10/10
Hawks' First Great Film
25 May 2021
I was not ready for this movie to come out great. The Air Circus is completely lost and Trent's Last Case is impossible to find, so I don't get the look at the fractured path Hawks took to getting sound to work cinematically like we can with Hitchcock's early sound pictures. Instead we get a film as confident with sound as Hitchcock's The Man Who Knew Too Much, but it's a far different picture overall. The Dawn Patrol is a sober war drama about young men having to grow up way too fast or die in impossible air missions over enemy territory. It's a slice of life story about how men under incredible pressure broke and also managed to find their humanity in it all. Hawks had shown real talent in the silent era, but it's obvious that he's more at home in talkies.
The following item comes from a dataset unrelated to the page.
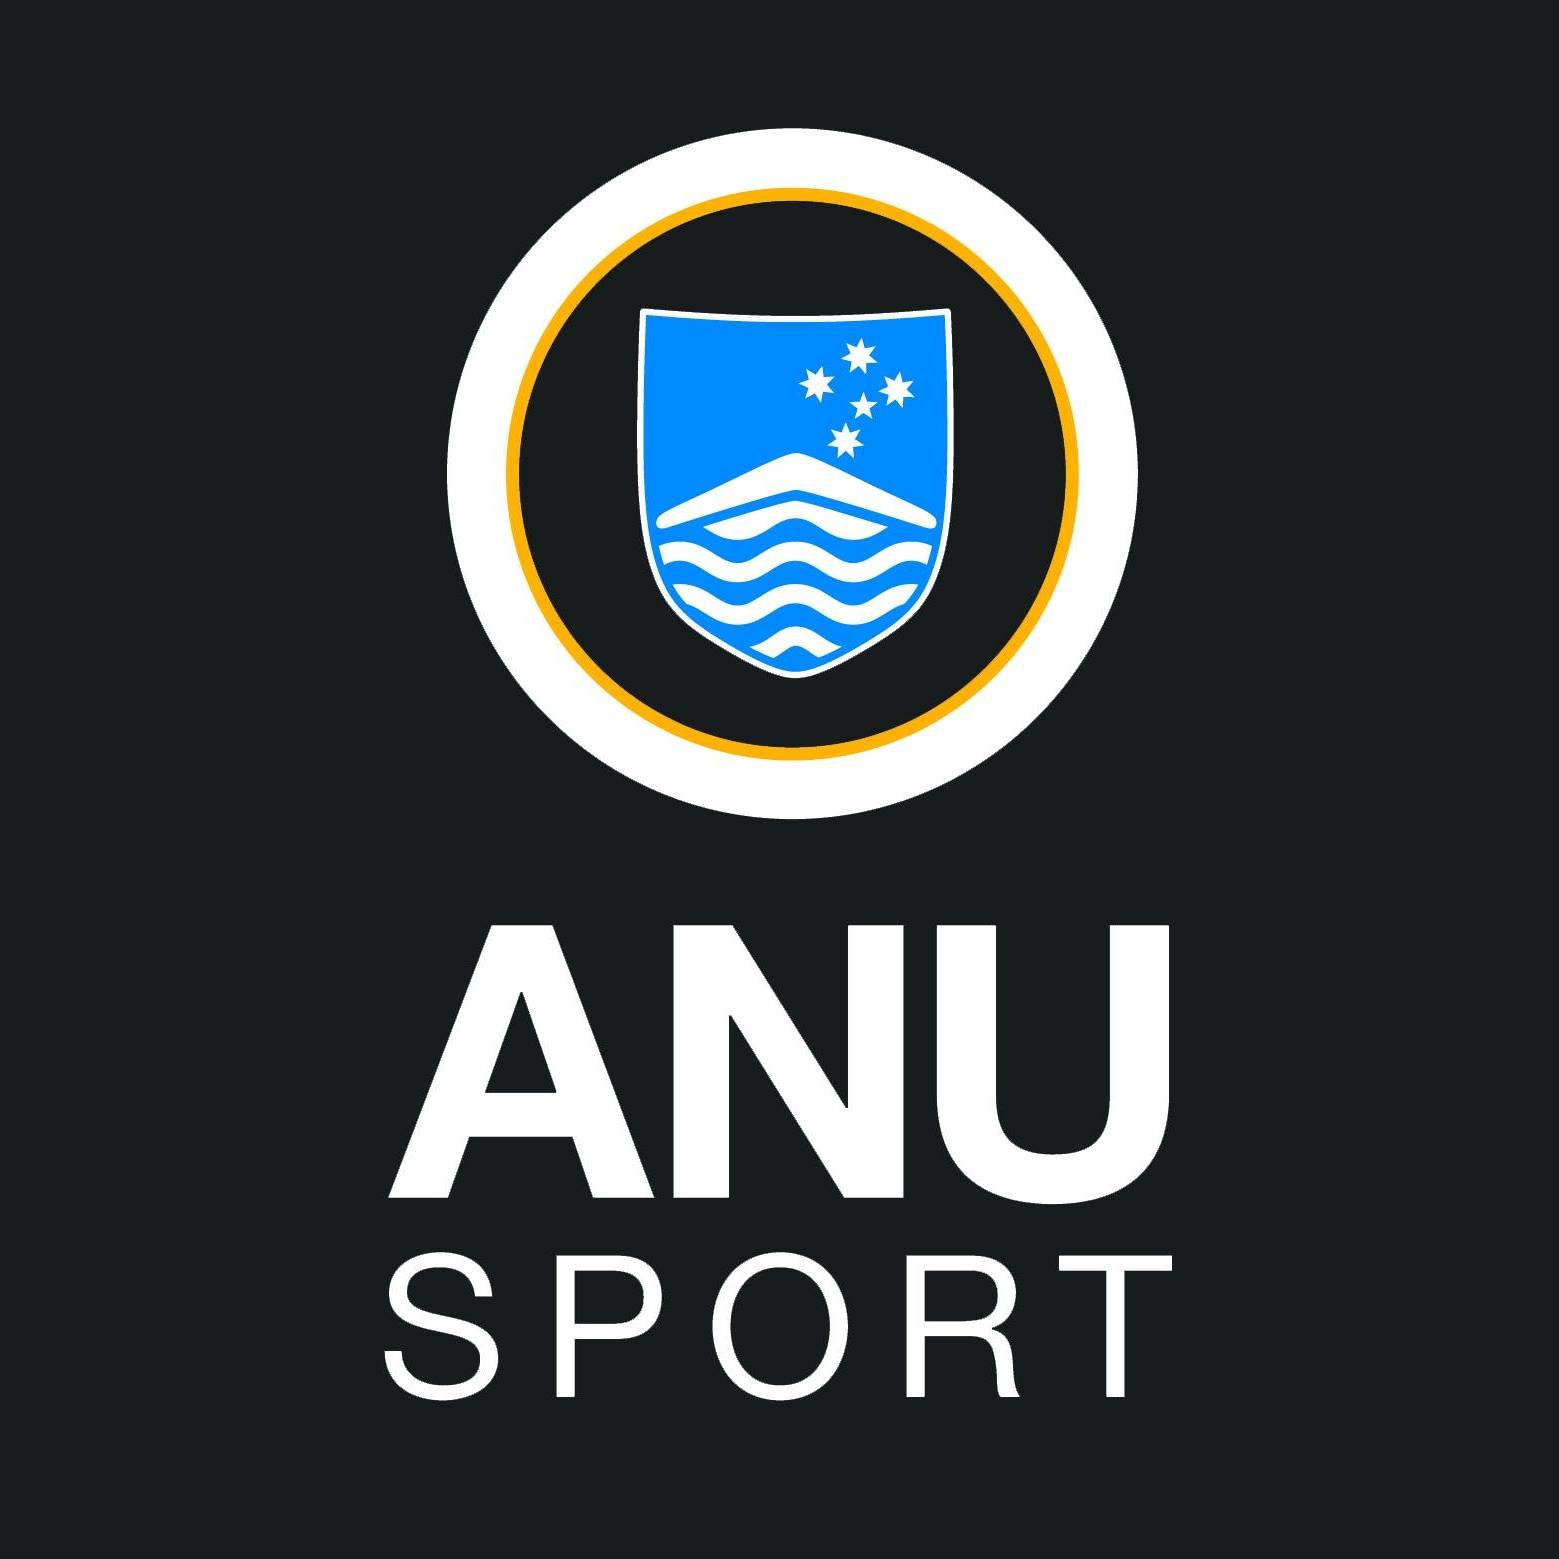 Anu Sport And Recreation Association Inc.

The story centers on Dick Courtney, an ace pilot in "A Flight" who has seen young man after young man die seemingly senselessly at orders from "The Throne", the small command center of their RAF airwing staffed by Major Brand. Courtney and his best friend Scott have to deal with the pilots who return home broken after watching their best comrades crash and burn in flames from German bullets. This is a hard life, and you can either fall into complete despair or anger like Brand as he rails against his command officer behind closed doors and Courtney who rails against Brand in front of everyone.

The movie begins with Courtney leading five of seven planes back safely before Brand receives orders to send another seven planes out for another dangerous mission. He has to supplement A Flight with new recruits brought up that night with no more than twenty hours of combat experience. Courtney is outraged by this, but trapped by military command structures both Brand and Courtney do as they are ordered, and the next day only two of the seven come back.

This is close to a breaking point for both men. Brand is wracked with guilt over the orders that he had to give out, and Courtney is incandescent with rage at what happened to the young kids with no experience. Everything gets sidelined in one of the film's most important scenes. They shot down a German pilot on their side of the lines, the German pilot comes into the officer's mess in the small house they're using as a headquarters, and everyone instantly bonds across languages. They share a common comradery in their work and the same danger that they face. They go from trying to murder each other with machines of war to sharing drinks in a mess hall. This doesn't sit well with everyone, but mostly the British pilots are happy to drink with their German counterpart. And that's the center of this story: the dangers of aerial combat are so unique and dangerous that you can't really escape it once you're there. You either die with it or you live on, sharing the experiences with others like a brotherhood. Nobility is in living this life, not without fear, but with concern for those sharing your fate.

When Brand gets promoted leaving Courtney in charge, everything seems to change. Suddenly Courtney is giving out the hard orders for inexperienced men to go out in substandard planes to help fight the war effort, including his best friend Scott's younger brother who dies on his first mission out. When Brand returns with a special order for a bombing mission sixty kilometers behind enemy lines for a single pilot, Courtney asks for volunteers and must pick Scott, angrily taking the mission out of some kind of vengeance for Courtney's "decision" to send his younger brother to die. Courtney hates handing such a mission off, but he's tied to a desk. Still, that doesn't stop him from getting Scott drunk and taking on the mission himself.

Now, for a quick technical comment. Early sound films were really limited in how many sound tracks they could lay on top of one another in a single shot. I think that at this point in 1930 they had gotten to two, though they often relied on just one. This limited heavily the amount of music they could use, usually to just credit sequences. When Courtney goes to Scott's plane to fly and he has his final interaction with the chief mechanic, all we have is sound effects and dialogue without music. In later years, a scene like this would be swelling with music, perhaps even mawkish music, in order to underline Courtney's sacrifice just in case the audience was missing it. I think lacking the music actually gives the moment a quieter kind of emotional power. All the moment has is one man climbing into a plane he knows he'll never get out of again and a mechanic who understands what's going on, accepting it quietly with a salute.

This movie grew on me and grew on me continually as it progressed. By the end, I was completely engaged with everything going on, and when the German pilot (von Richter, a different pilot from the one captured) flies over the RAF outpost and drops a small ode to his British counterpart, it feels completely genuine and fulfilling.

This is a wonderful film, and it's Hawks' best (surviving) film so far in his short career. There's greatness to come as well, I can feel it.